“Substance” Has No Substance

A professor stands lecturing in front of a crowd, saying "In conclusion, the substance of substance has no substantive substance."

In this week’s edition of our “use simpler words” series, we’re talking about “substance.”

“Substance” is one of those vague words that may not need to be simplified as much as it needs to be clarified. After all, a substance is pretty much anything that takes up space. And do you know, dear readers, how many substances exist out there? We actually don’t either, but there must be a lot.

In our experience here at We ❤︎ Health Literacy headquarters, the word “substance” tends to pop up most when writing about 2 topics: environmental health and drug and alcohol use.

Consider these examples:

  • Talk with your kids early and often about substance use.
  • Studies show that contact with these substances can cause serious health problems.

What exactly are we talking about here? Alcohol? Drugs? Asbestos?

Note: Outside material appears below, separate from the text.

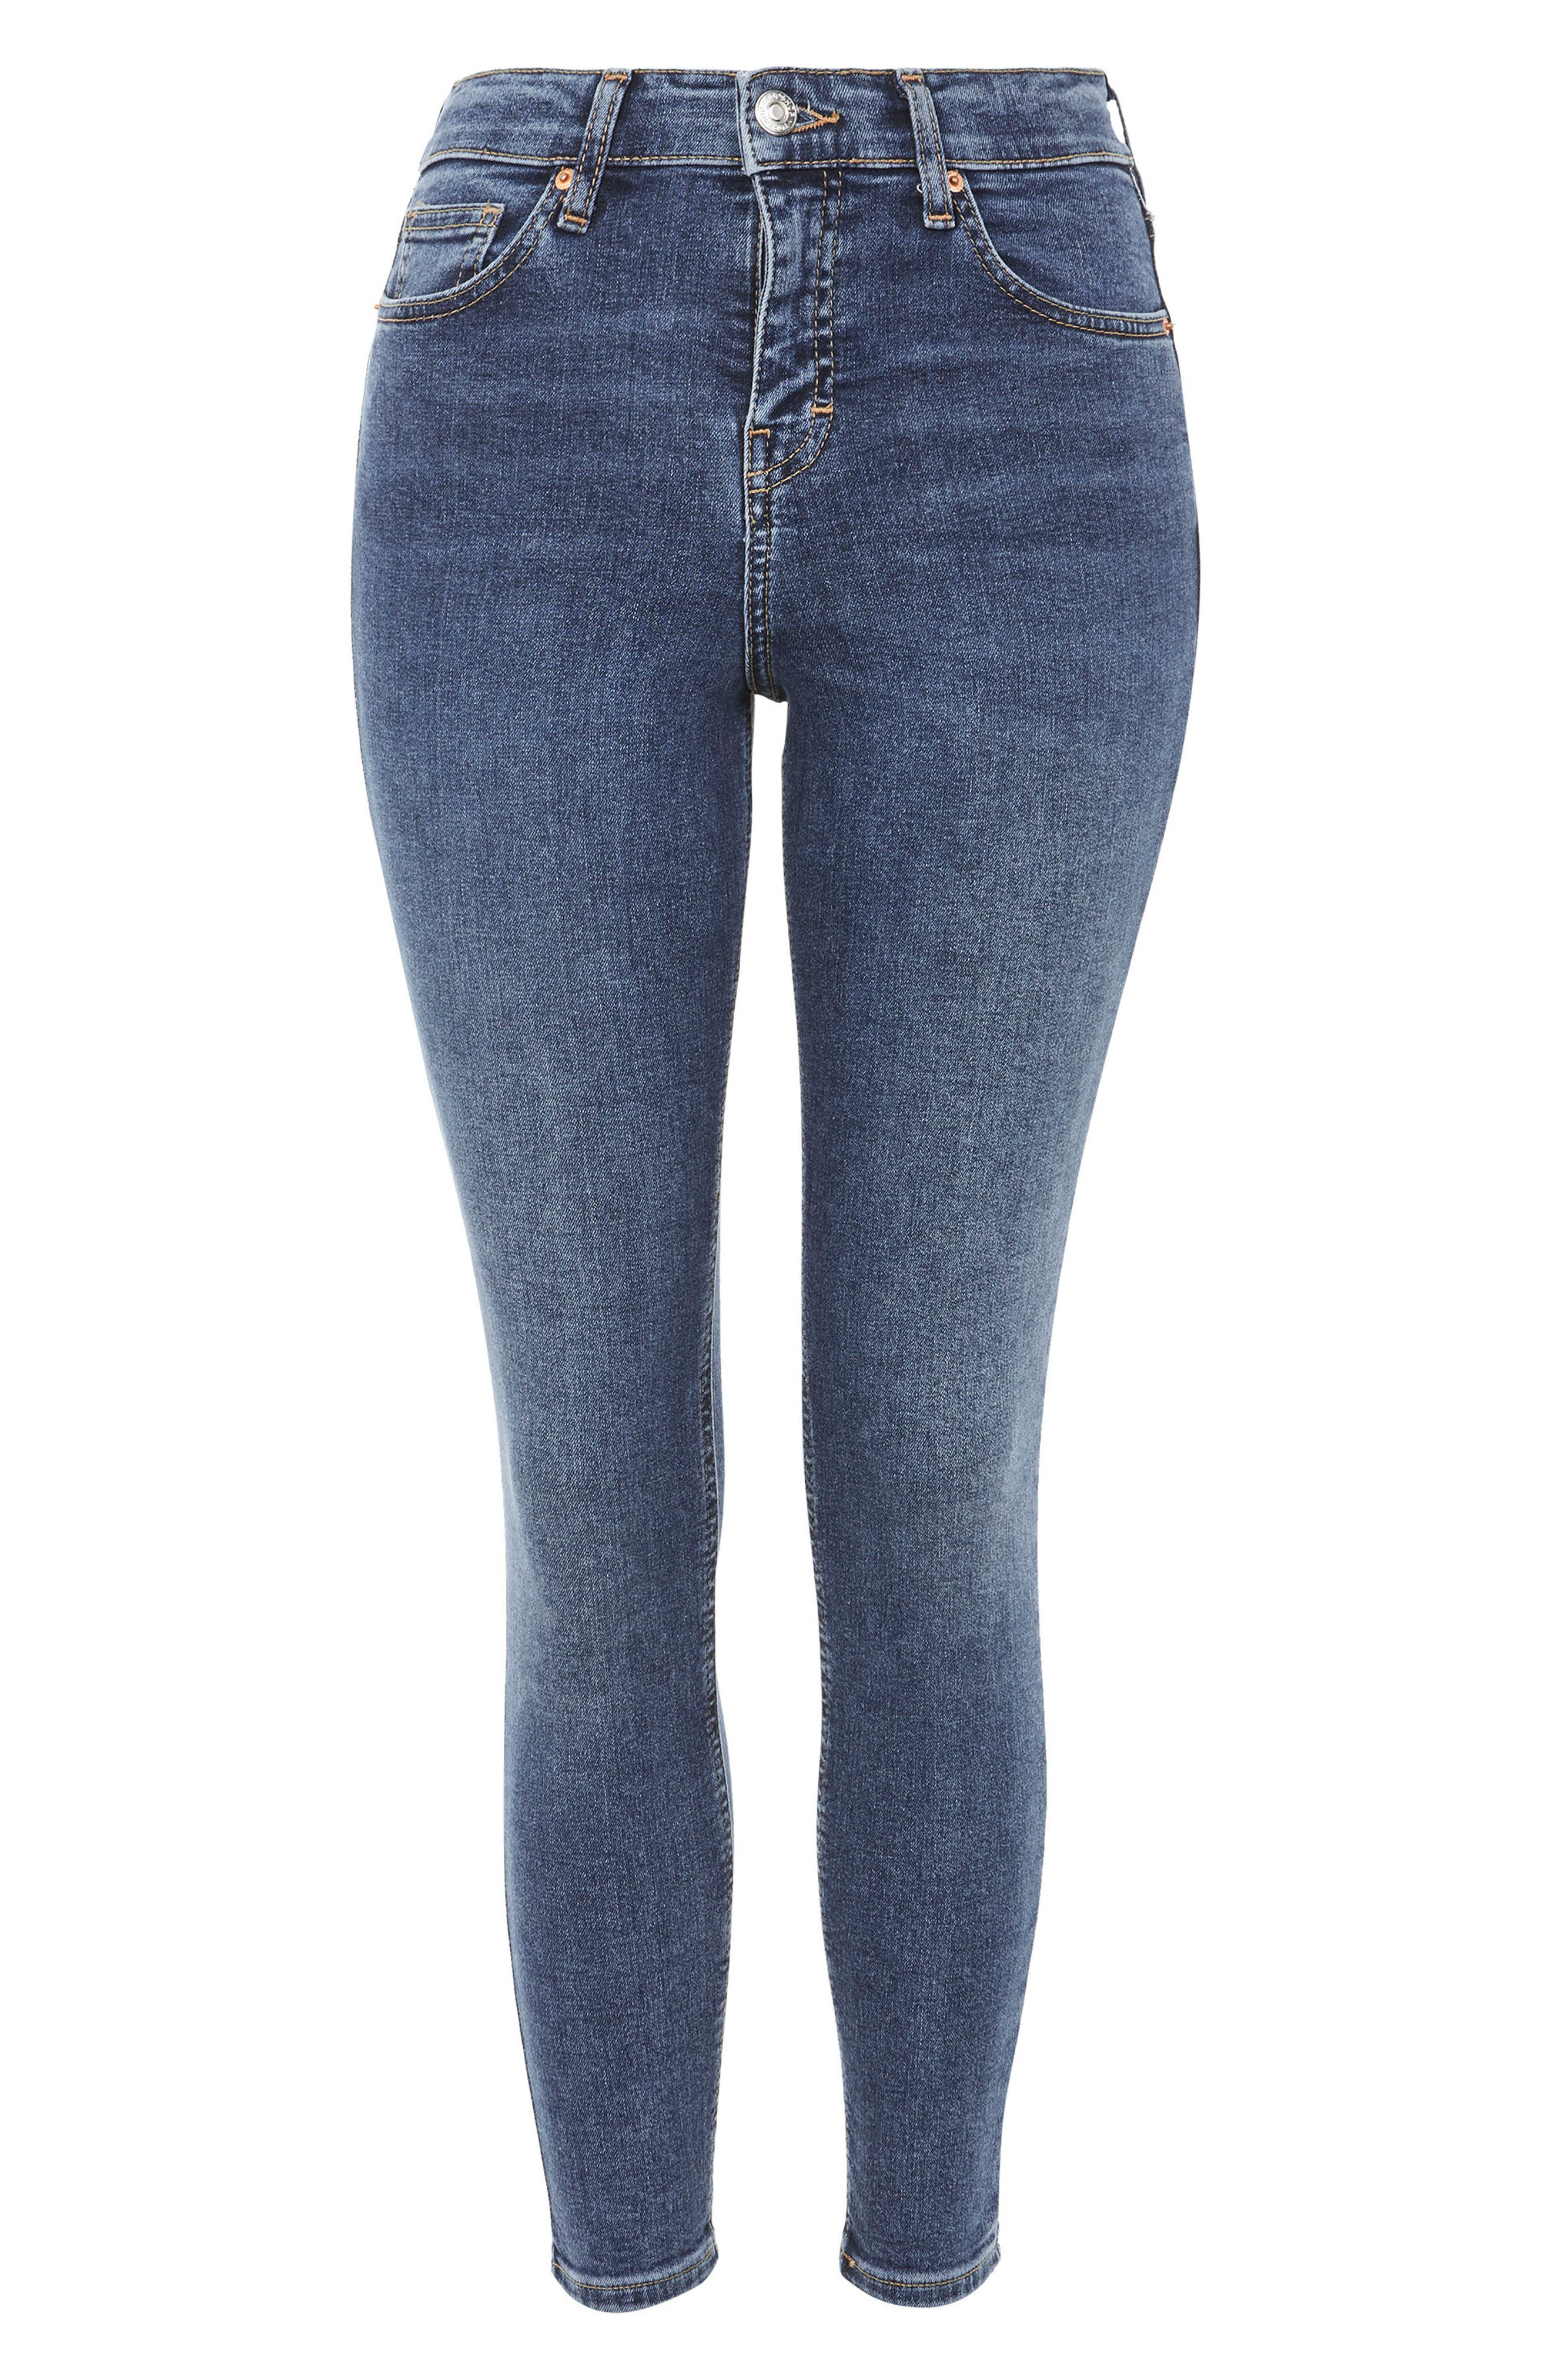 Jamie Petite Jeans,                             Alternate thumbnail 3, color,                             INDIGO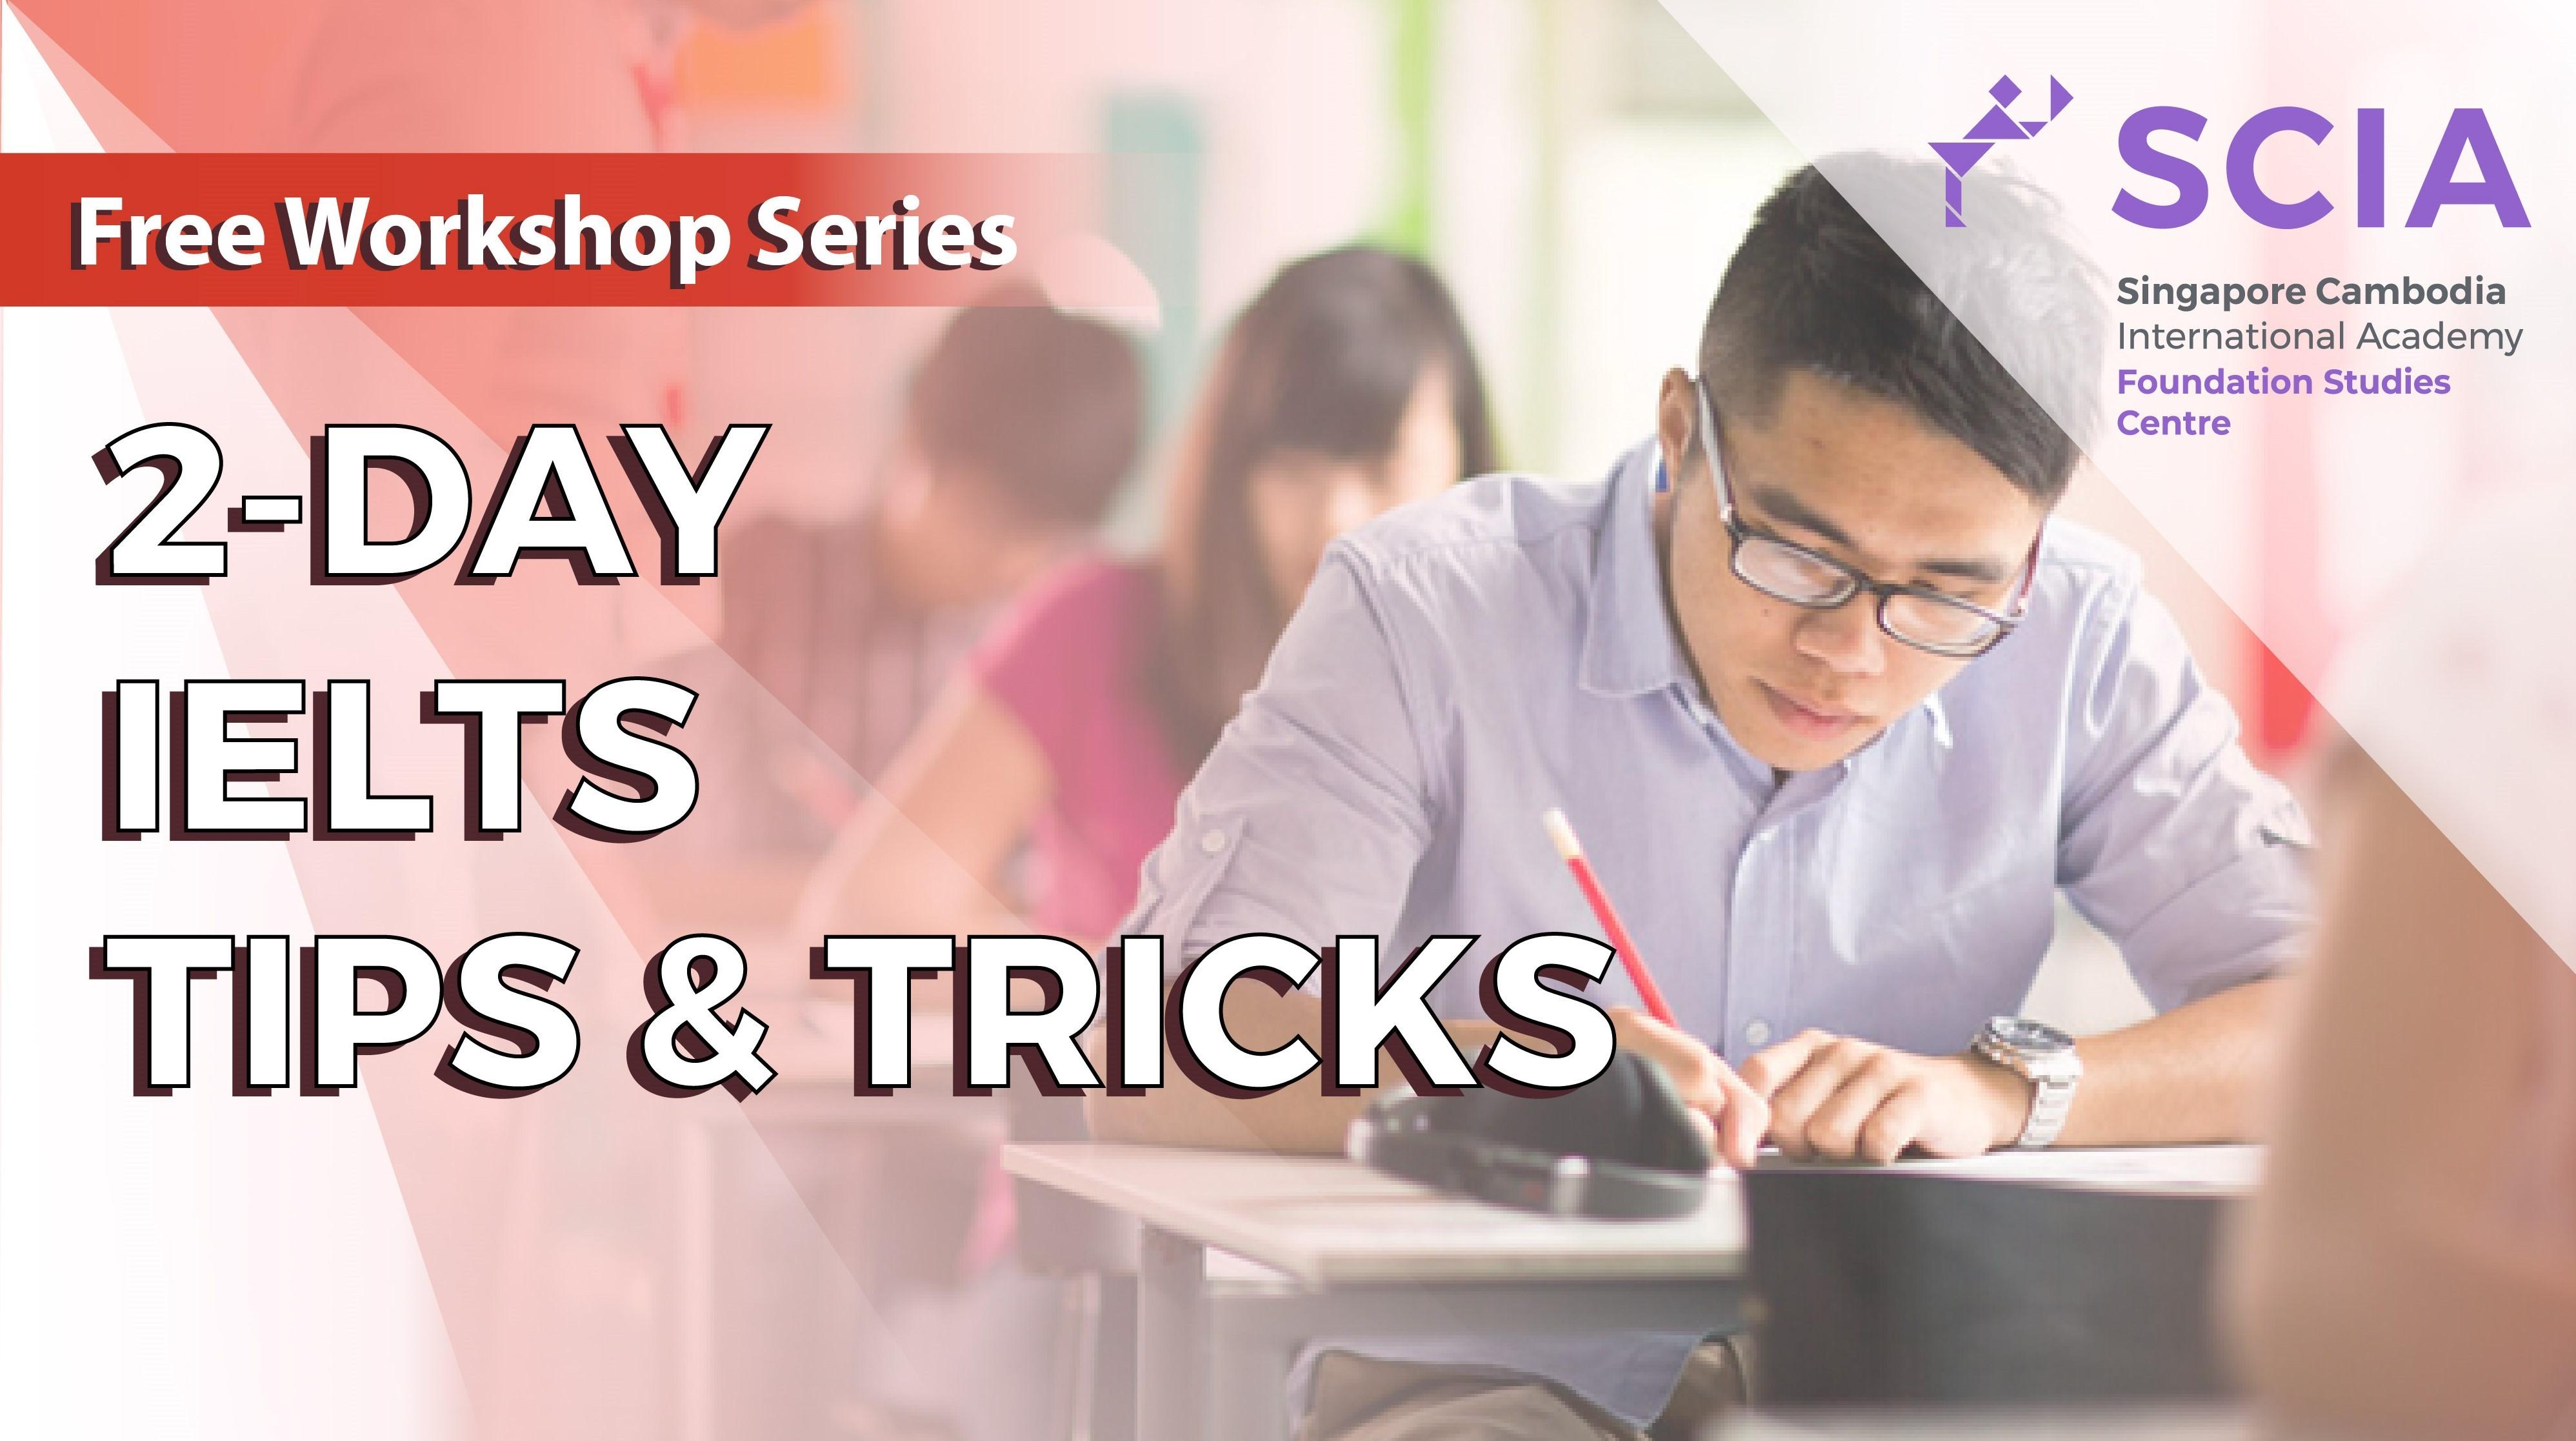 2-Day IELTS Tips & Tricks

Here’s our advice: instead of leaving it at “substance,” tell us more about what the substance is. And if you can, just name it!

For example:

  • Talk with your kids early and often about alcohol and drug use.
  • Studies show that contact with these chemicals can cause serious health problems.

Simple, right?

Of course this method isn’t one-size-fits-all. Sometimes, “substance” really is the best word to describe, well, a substance. But try to be as specific as possible — so your readers don’t accidentally think you’re talking about, you know, polybrominated diphenylethers. (Granted, that’s not a very likely scenario. But you get it.)

The bottom line: When you can, skip “substance” and just name what you’re talking about.